• L'été selon Xavier Schmitt

    Lundi 31 juillet, première sortie dans les alpes. Pour ce galop d’essai 2 cols au programme, celui de l’Échelle et le Montgenèvre par le versant italien. La météo est bonne, je traverse Briançon direction la vallée de la Clarée. Ce cours d’eau est bien plus important que la Durance au confluent. En toute logique, c’est donc la Clarée qui vient se jeter dans le Rhône en Aval d’Avignon ! Mais l’histoire en a voulu autrement… Remontons donc la vallée de la Clarée que je conseille à chacun de découvrir, elle est restée sauvage et les randonnées pédestres sont nombreuses.

    Vers le Col de l'Echelle

    Juste avant l’arrivée à Névache une petite route se détache en direction de la Vallée Étroite, petit bout de France en Italie, mais pour l’atteindre, il faut gravir le Col de Echelle. Gravir est un grand mot car nous sommes déjà à 1500 mètres d’altitude pour un col de 1770m ! Juste avant de descendre à flanc de montagne on traverse des belles prairies. La descente s’effectue ensuite en lacets. Je ne suis pas expert dans cet art de descendre à toute vitesse, je descends donc sur les freins, vue la déclivité. Au Fond de la vallée c’est l’Italie et ses Gelata ! hummm

    La descente vers l'Italie

    Ici pas de poste de douane, le lieu est propice aux migrants pour passer en France. La descente continue sur une route passablement jonchée de nids de poules jusqu’au centre de Bardonnechia. Ensuite le faux plat descendant est plus roulant jusque Oulx.
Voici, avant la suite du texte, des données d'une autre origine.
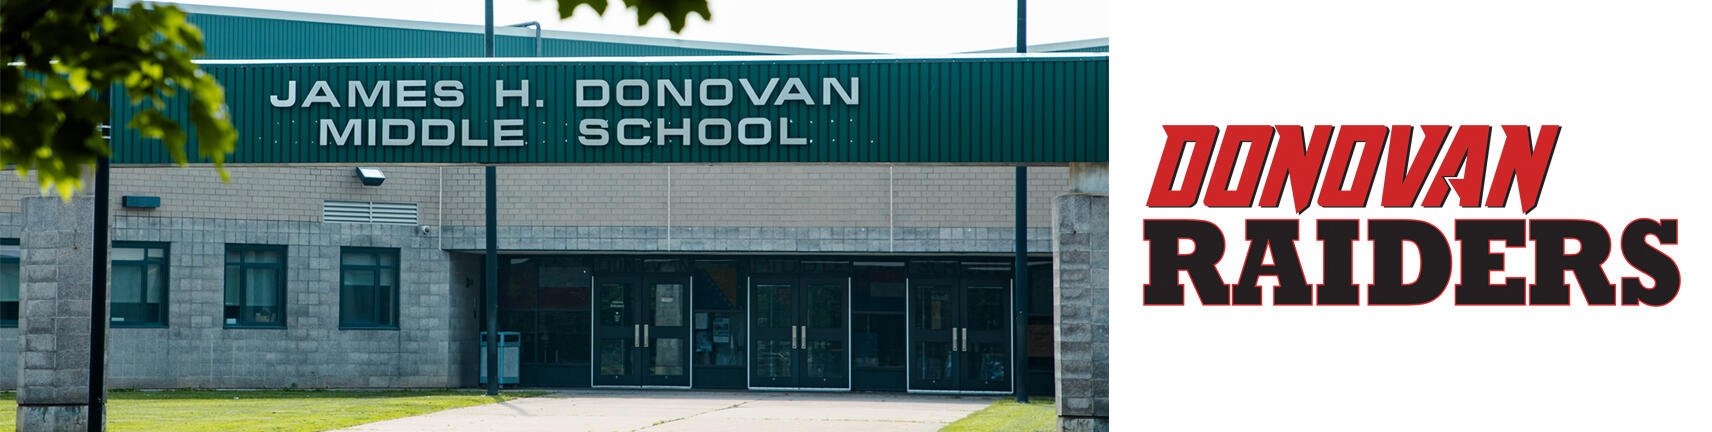 Gambar bangunan Sekolah Donovan dan Logo Donovan Raiders

A partir de là, l’ascension vers Montgenèvre commence, mais très doucement ! A peine plus de 3% au maximum jusque Cesana sur une route très large. Mais après ça se corse sérieusement. Une pente moyenne entre 6 & 9% avec la chaleur, heureusement certains tunnels apportent une fraicheur (toute relative quand même). L’approche de Montgenèvre se fait par Clavière (dernier village italien avant le passage en France).

    L'arrivée au Col de Montgenèvre

    Les douaniers français sont bien présents ici et inspectent les coffres de voiture. Je passerais sans mal, ils ne vont quand même pas vérifier mon bidon ! Fin de la sortie du jour à 1860m d’altitude au col de Montgenèvre sous une chaleur étouffante… Et pas eu le temps de gouter à une gelati…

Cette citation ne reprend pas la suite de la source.